Pour conserver son visage social et maintenir son engagement
pour l'environnement, l'Europe du XXIe siècle s'appuiera sur la croissance économique. Cette croissance passe par la réforme de la protection sociale, qui reste la responsabilité des Etats membres. L'UE y contribue néanmoins par l'achèvement du marché européen et la promotion de la concurrence loyale. Pour aider l'Union dans son action, nous devons simplifier la libre circulation entre les Etats membres.

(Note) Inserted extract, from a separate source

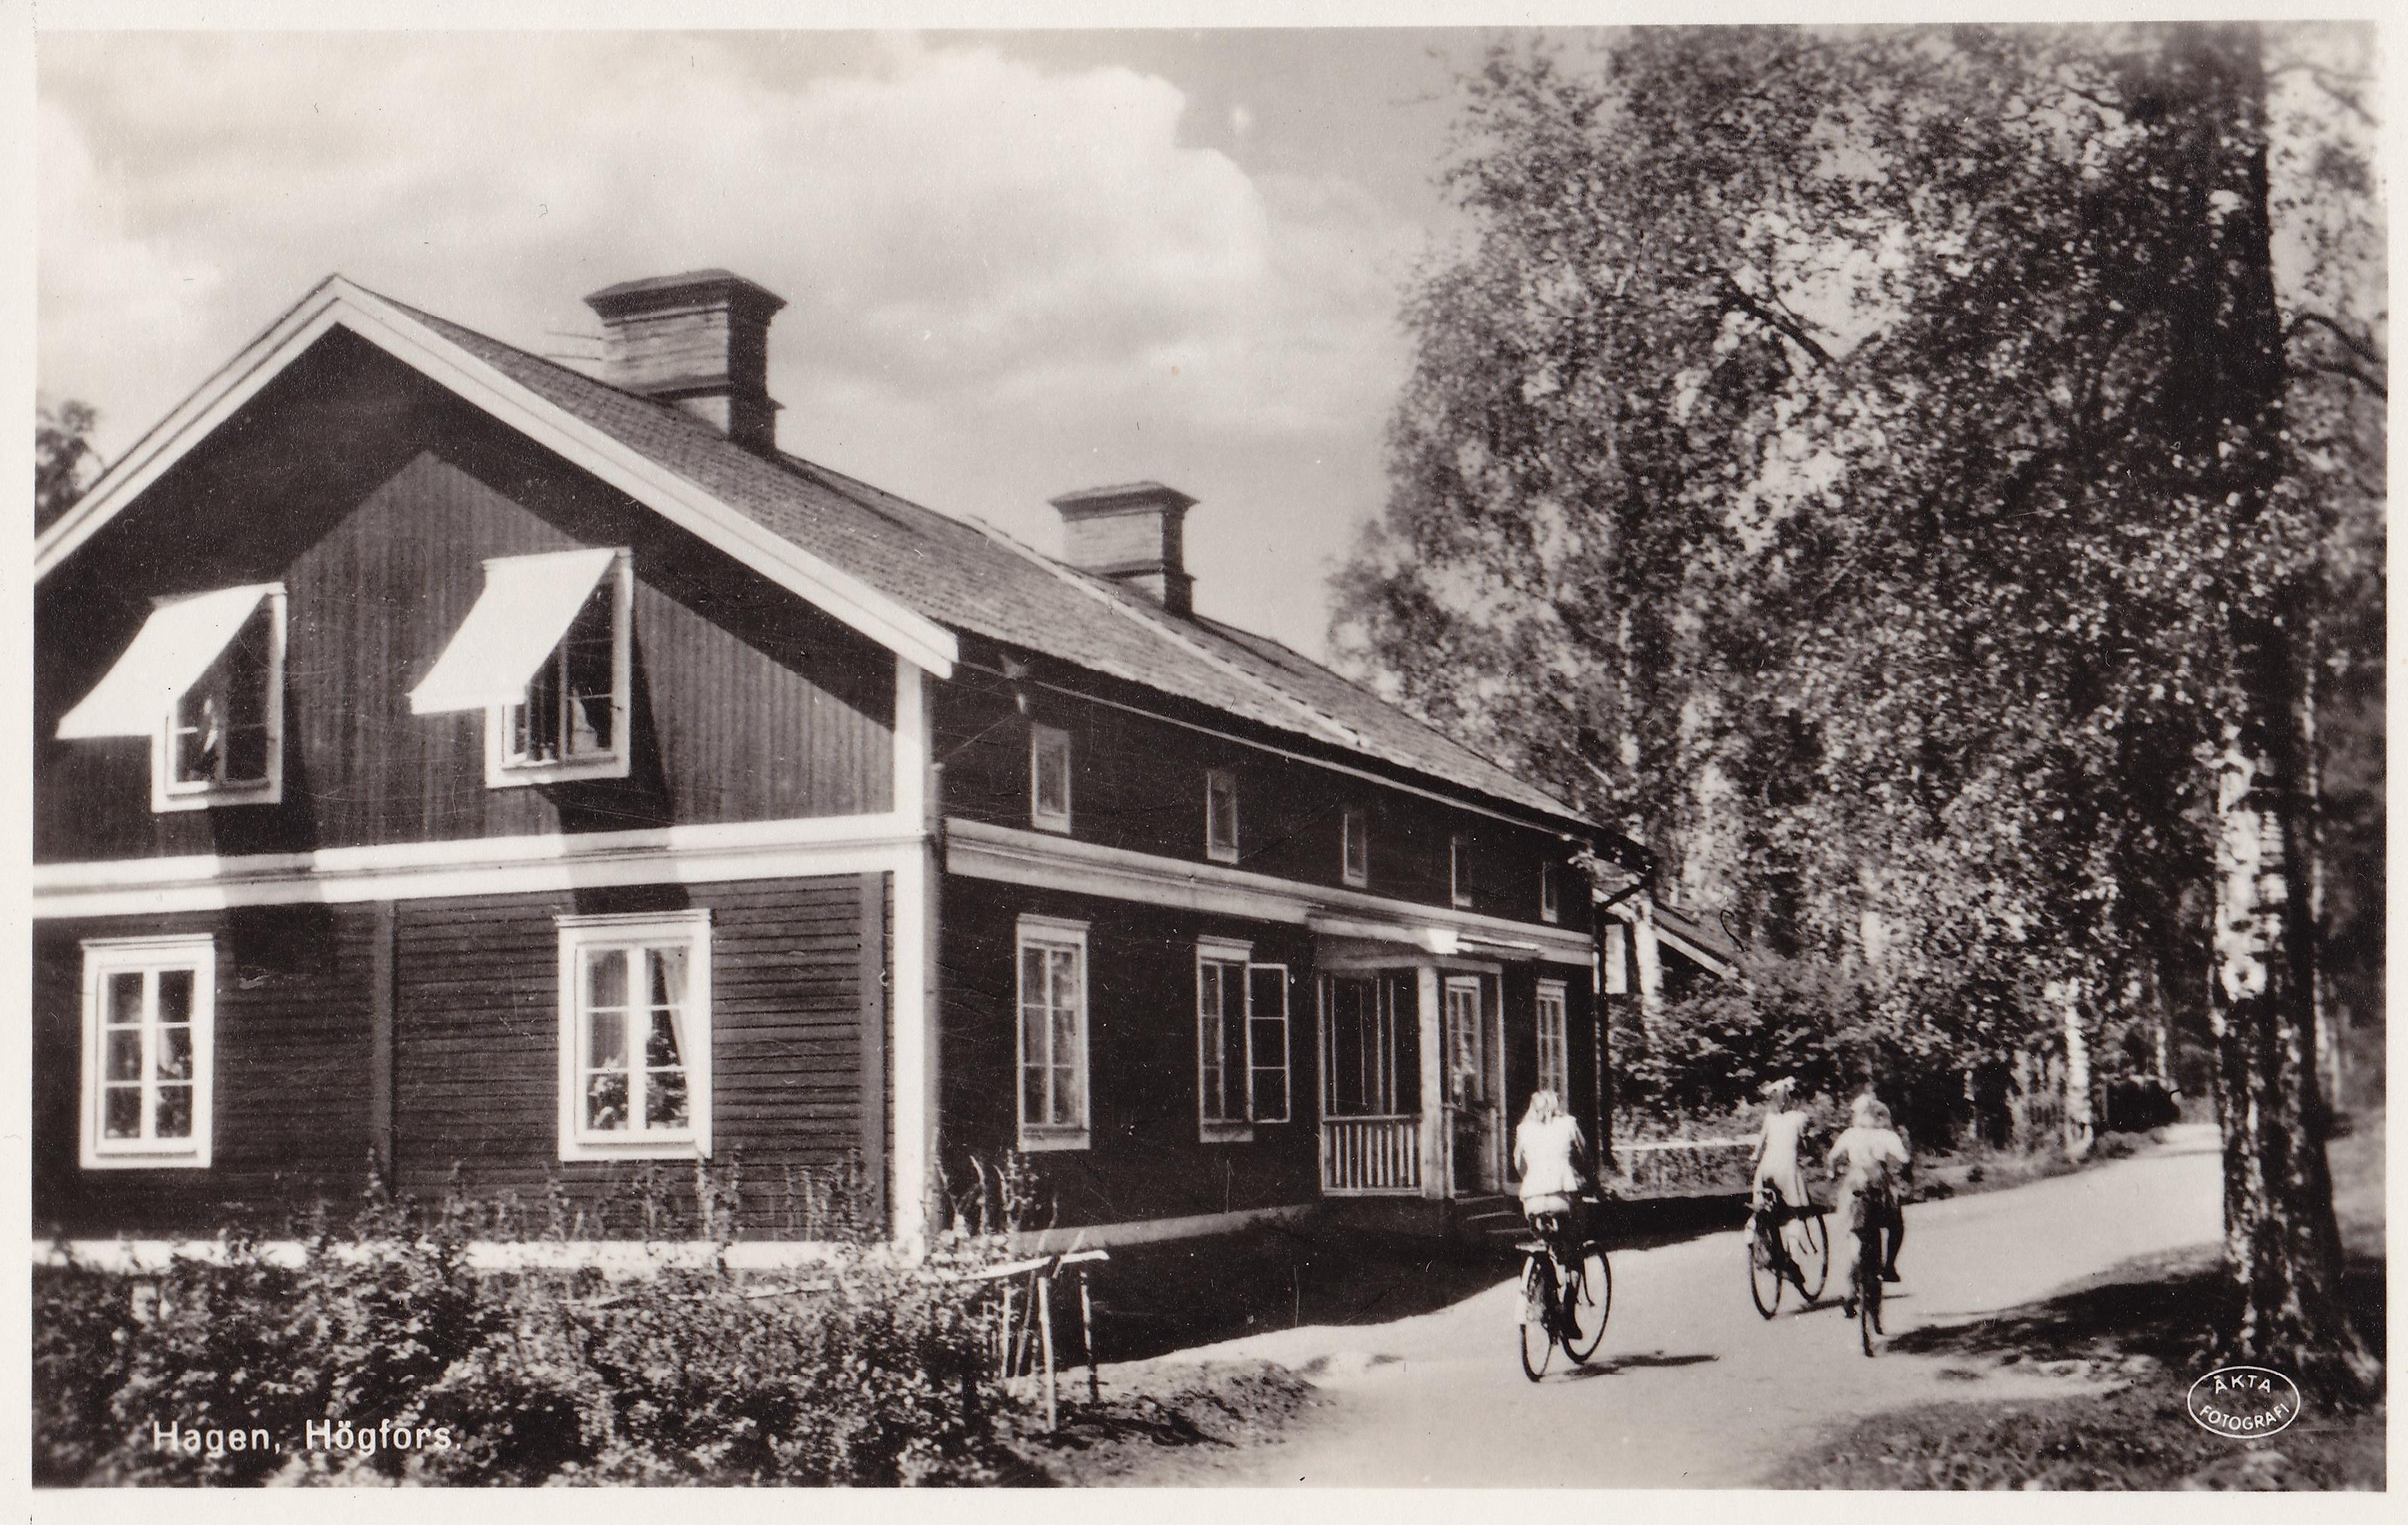 Högfors Hagen

Sur la scène mondiale, l'Europe de demain conservera
son influence au moyen de sa politique commerciale, de l'aide
au développement et du soutien économique. Au
besoin, elle pourra aussi lancer une opération militaire.
Son action extérieure sera facilitée par le recours
plus fréquent au vote à la majorité lors
de la prise de décision. L'Europe de demain se consacrera
à ses missions essentielles, pour lesquelles elle apporte
une réelle plus-value. Les Parlements nationaux contrôleront
son action.
L'Europe du XXIe siècle ne se tiendra pas en coulisses.
Sans craindre la critique, elle donnera davantage de visibilité
à ses décisions. L'intensification de la coopération
entre Etats membres ne sera pas une fin en soi, même si
l'action commune se révèle souvent le meilleur moyen
de défendre des intérêts nationaux.
Dans l'Europe de demain, les Pays-Bas continueront à
conclure des coalitions en faveur de questions importantes.
Pour éviter que les grands pays ne négligent les
petits, nous continuerons à prendre fait et cause pour
une Commission européenne forte et indépendante.
L'Europe du XXIe siècle définira ses priorités
en fonction des besoins du moment. Elle privilégiera la
mise en place de l'économie de la connaissance, la lutte
contre le terrorisme et la définition de politiques communautaires
en matière d'asile et d'énergie. La réforme
de la politique agricole commune sera poursuivie.
L'Europe de demain sera plus qu'un marché commun.
L'Union n'est pas seulement la recette d'une mondialisation réussie.
Elle véhicule une conception de la vie qui se traduit dans
notre quotidien. Ce n'est pas moins d'Europe qu'il nous faut,
mais plutôt une meilleure Europe. Le plus important
n'est pas de rédiger une nouvelle Constitution - même
s'il faut réaménager régulièrement
les règles de fonctionnement -, mais d'obtenir des résultats
concrets. C'est alors seulement que l'on pourra à nouveau
envisager de modifier les traités en vigueur. Les Pays-Bas
y sont disposés.
Atzo Nicolaï est ministre néerlandais des
affaires européennes. Point de vue publié
dans le quotidien "Le Monde", Paris, 16 juin 2006.